Born-digital materials can includes various forms of sensitive information (e.g. credit card numbers, account information).  Information professionals must take measures to ensure that information that is known to be sensitive is not disclosed to the wrong individuals.
 

Take action

Consider:

  • Personal data
  • Sensitive data
  • Confidential data
  • Informed consent
  • Anonymity
  • Copyright

Explore Tools

  • BitCurator Environment. http://wiki.bitcurator.net

    The BitCurator environment provides a variety of tools that can be used to identify, extract and redact sensitive information (including Bulk Extractor an iredact.py listed below.

  • Bulk Extractor. Simson Garinfinkel. http://www.forensicswiki.org/wiki/Bulk_extractor

    Bulk Extractor "scans a disk image, a file, or a directory of files and extracts useful information without parsing the file system or file system structures. The results are stored in feature files that can be easily inspected, parsed, or processed with automated tools. bulk_extractor also created a histograms of features that it finds, as features that are more common tend to be more important. bulk_extractor is distinguished from other forensic tools by its speed and thoroughness. Because it ignores file system structure, bulk_extractor can process different parts of the disk in parallel."  It "automatically detects, decompresses, and recursively re-processes compressed data that is compressed with a variety of algorithms."  Because it ignores the filesystem on a drive, Bulk Extractor "can be used to process any digital media. We have used the program to process hard drives, SSDs, optical media, camera cards, cell phones, network packet dumps, and other kinds of digital information."

  • DBAN (Darik's Boot and Nuke). http://www.dban.org/>

    "DBAN is a self-contained boot disk that automatically deletes the contents of any hard disk that it can detect. This method can help prevent identity theft before recycling a computer. It is also a solution commonly used to remove viruses and spyware from Microsoft Windows installations. DBAN prevents all known techniques of hard disk forensic analysis. It does not provide users with a proof of erasure, such as an audit-ready erasure report."

  • Firefly (and Firefly4Mac). University of Illinois. http://www.cites.illinois.edu/ssnprogram/firefly/

    Scans drives for social security numbers (SSNs) and credit card numbers.

  • iredact.py. Simson Garfinkel. http://www.forensicswiki.org/wiki/Fiwalk

    A program written in Python that "allows the removal of specific files matching specific criteria."

Read

  • Beek, Christiaan. "Introduction to File Carving." McAfee. 2011. http://www.mcafee.com/us/resources/white-papers/foundstone/wp-intro-to-file-carving.pdf

    "'File carving,' or sometimes simply 'carving,' is the process of extracting a collection of data from a larger data set. Data carving techniques frequently occur during a digital investigation when the unallocated file system space is analyzed to extract files. The files are 'carved' from the unallocated space using file type-specific header and footer values. File system structures are not used during the process. File carving is a powerful technique for recovering files and fragments of files when directory entries are corrupt or missing. The block of data is searched block by block for residual data matching the file type-specific header and footer values."

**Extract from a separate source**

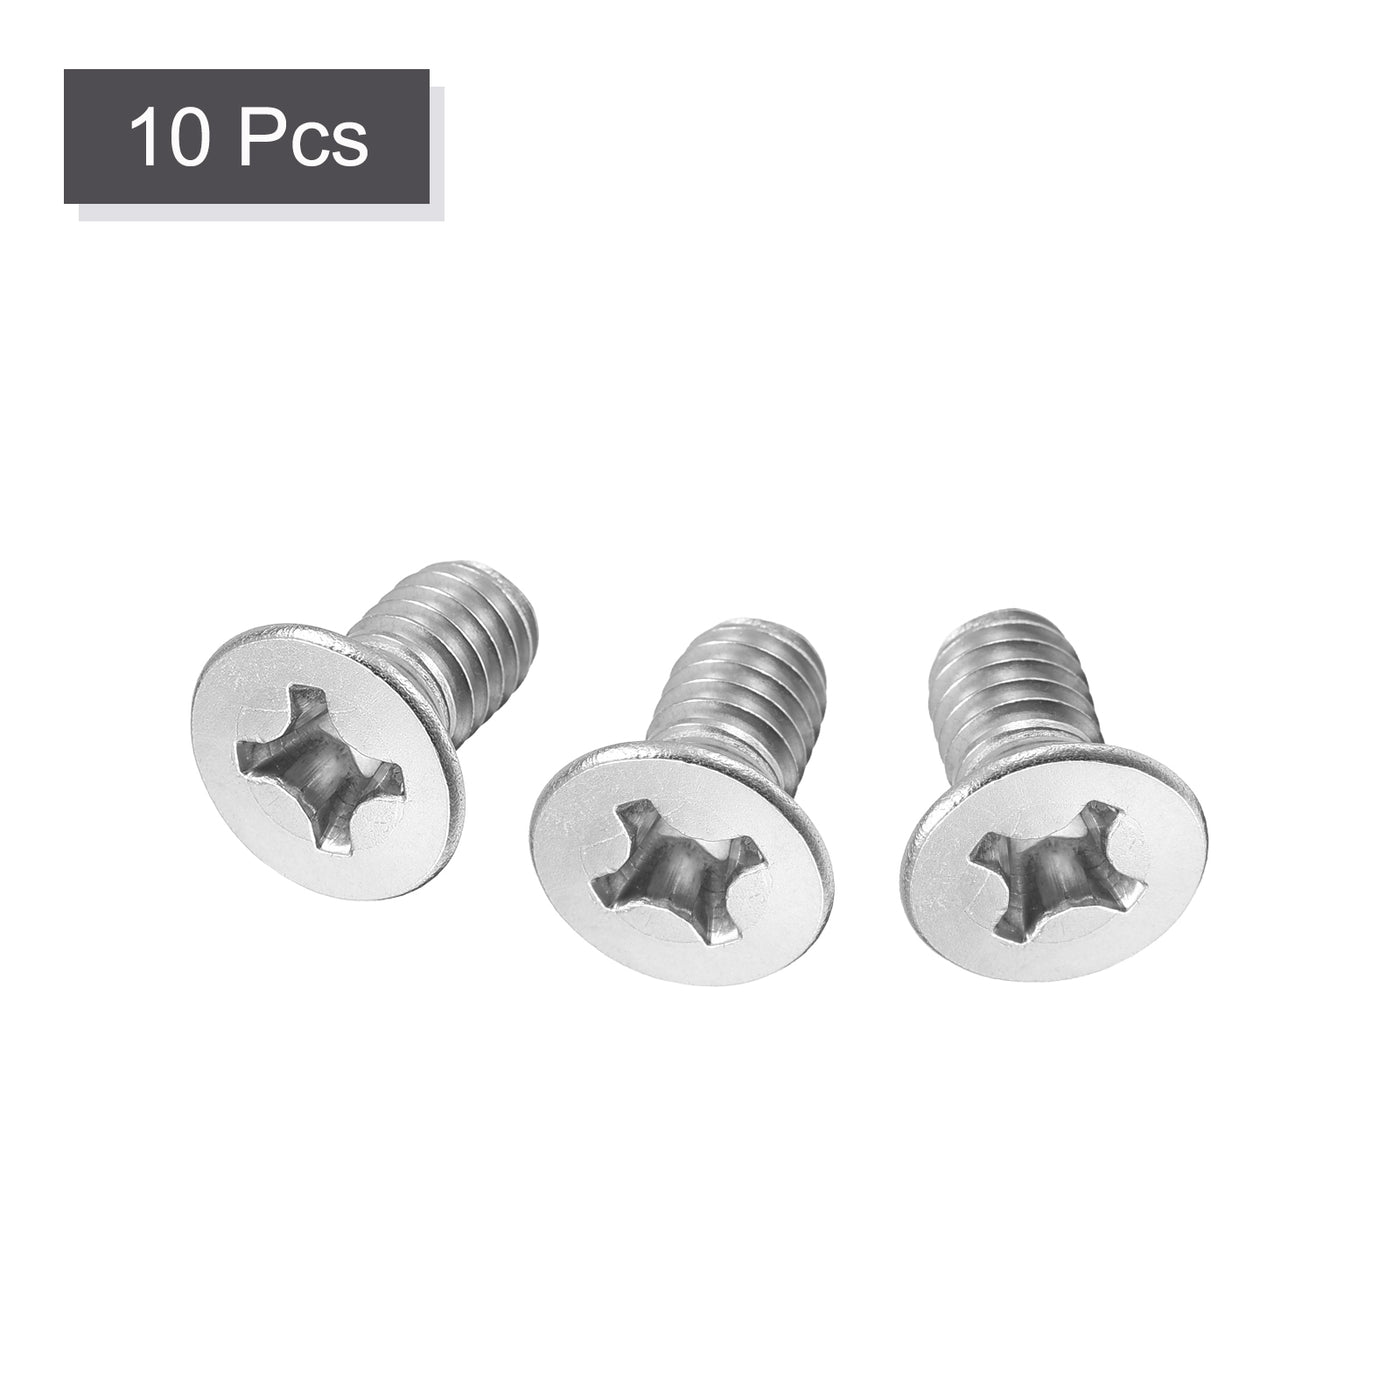 uxcell Uxcell 5/16-18x5/8" Flat Head Machine Screws Phillips 304 Stainless Steel Bolts 10pcs

  • Byers, Simon. "Information Leakage Caused by Hidden Data in Published Documents." IEEE Security and Privacy 2, no. 2 (2004): 23-27.

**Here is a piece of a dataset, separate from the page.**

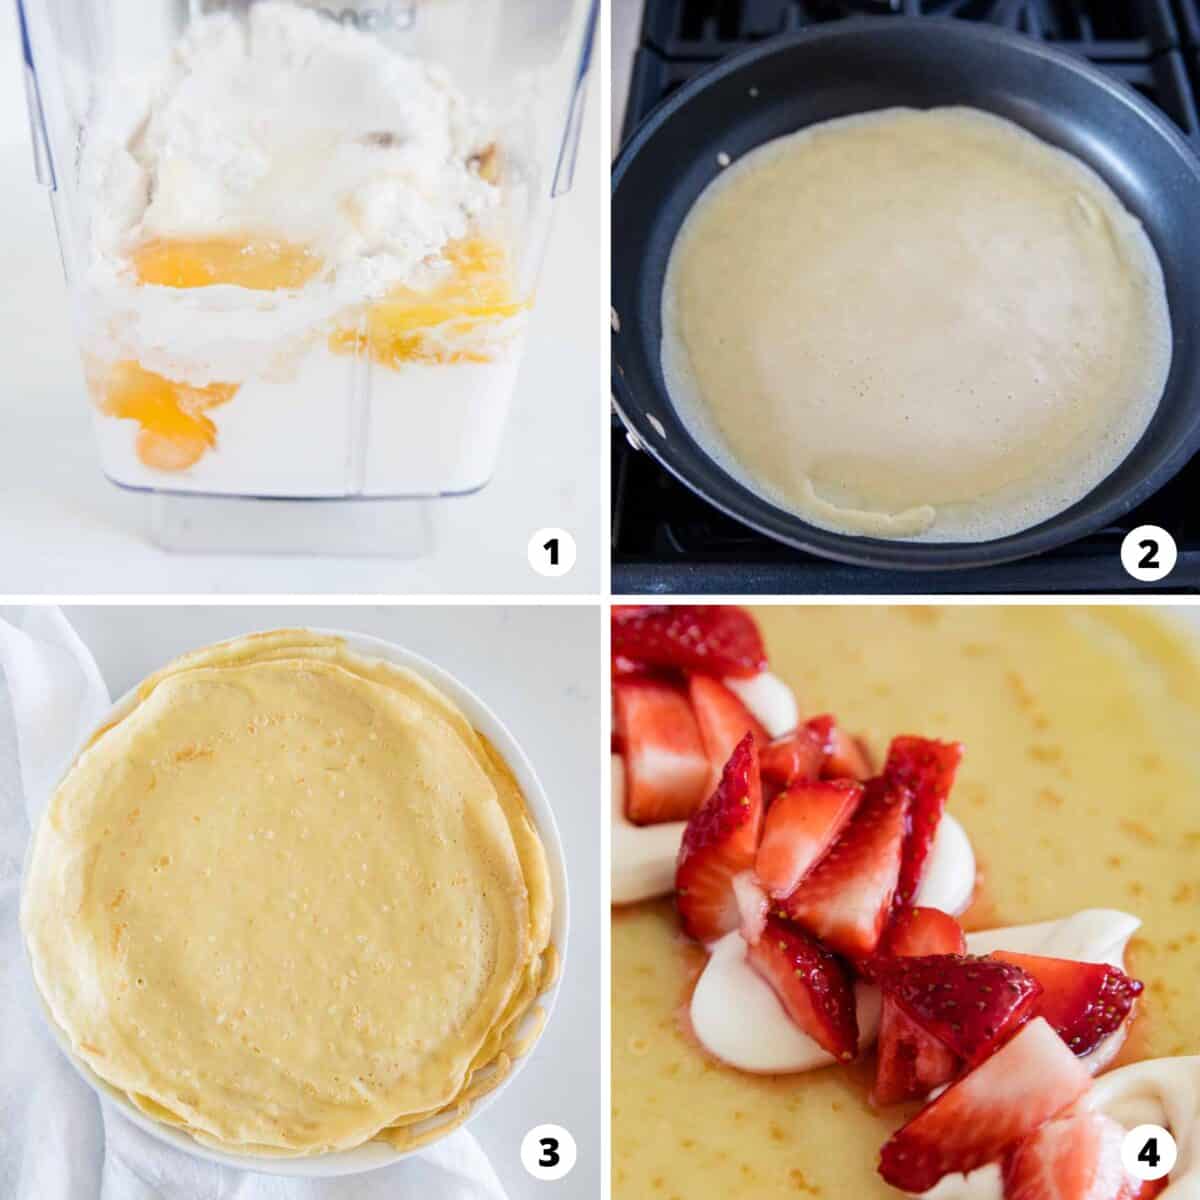 The process of showing how to make crepes in a 4 step collage.

    "This article demonstrates mining for hidden text in published data and concludes that user behavior - in combination with default program settings - creates an uncomfortable state of affairs for Microsoft Word users concerned about information security. The article also presents some countermeasures."

  • Cook, Timothy. "A Regular Expression Search Primer for Forensic Analysts." SANS Institute, 2012. http://www.sans.org/reading_room/whitepapers/forensics/regular-expression-search-primer-forensic-analysts_33929

    "Often forensic texts and articles assume a level of experience and comfort with Linux command line string searching and text manipulation that a reader does not possess. This assumption tends to leave the reader to their own devices to puzzle out how to locate and extract specific string content from files. The focus of this paper is to introduce the reader to Linux string search and text manipulation commands and provide specific use cases and search patterns that will be of use to Forensic Analysts. The intent of this paper is to serve as an introduction to regular expressions and some Linux commands that can be used to locate and extract text for individuals who either do not have Linux command line experience or who use the Linux command line infrequently and can benefit from a refresher."

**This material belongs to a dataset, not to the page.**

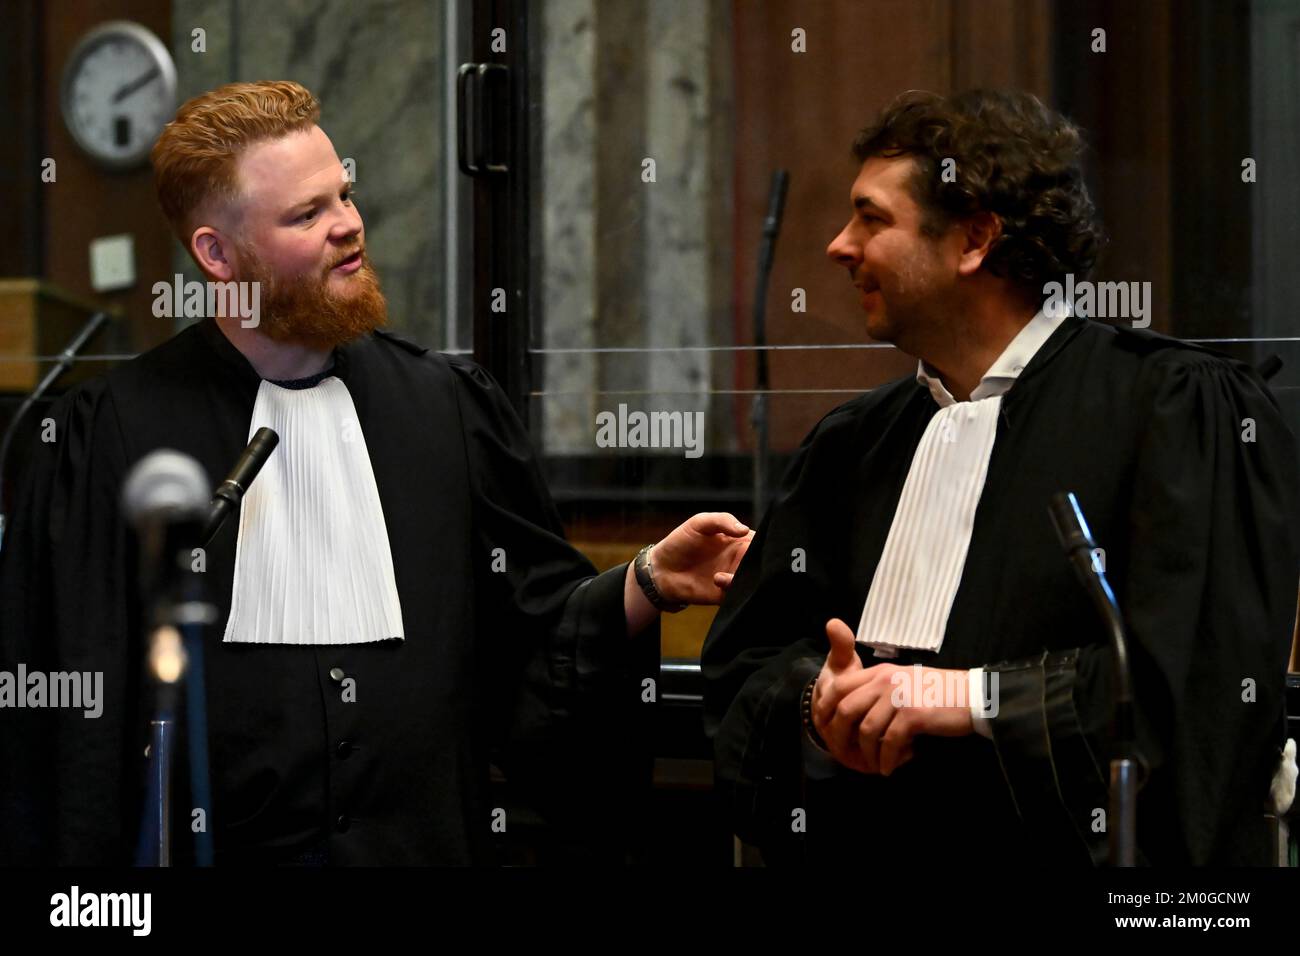 Brussels, Belgium, 06 December 2022, Lawyer Jonathan De Taye representing the accused and Lawyer Steve Lambert representing the civil parties pictured ahead of the jury constitution at the trial of Salim El Messaoudi, before the Brussels-Capital Assizes Court, in Brussels, Tuesday 06 December 2022. El Messaoudi, a man in his 40s, is accused of the murder of a 28-year-old young man, named Omar, committed in Molenbeek-Saint-Jean on December 8, 2020. BELGA PHOTO DIRK WAEM Stock Photo

  • Farmer, Dan, and Wietse Venema. "Persistence of deleted file information." In Forensic Discovery. Upper Saddle River, NJ: Addison-Wesley, 2005. http://www.porcupine.org/forensics/forensic-discovery/chapter7.html

    "In this chapter we study how deleted file information can escape destruction intact for months or even years, and how deleted file attribute information can provide insight into past system activity. We examine several systems and discover how well past activity can be preserved in unallocated disk space. At the end of the chapter we explain why deleted file information can be more persistent than ordinary file information."

  • Garfinkel, Simson L. "Forensic feature extraction and cross-drive analysis." Digital Investigation 3S (2006): S71-81. http://simson.net/clips/academic/2006.DFRWS.pdf [Specifically: Sections 1-3, p.S71-75]

    "This paper introduces Forensic Feature Extraction (FFE) and Cross-Drive Analysis (CDA), two new approaches for analyzing large data sets of disk images and other forensic data. FFE uses a variety of lexigraphic techniques for extracting information from bulk data; CDA uses statistical techniques for correlating this information within a single disk image and across multiple disk images. An architecture for these techniques is presented that consists of five discrete steps: imaging, feature extraction, first-order cross-drive analysis, cross-drive correlation, and report generation. CDA was used to analyze 750 images of drives acquired on the secondary market; it automatically identified drives containing a high concentration of confidential financial records as well as clusters of drives that came from the same organization. FFE and CDA are promising techniques for prioritizing work and automatically identifying members of social networks under investigation. We believe it is likely to have other uses as well."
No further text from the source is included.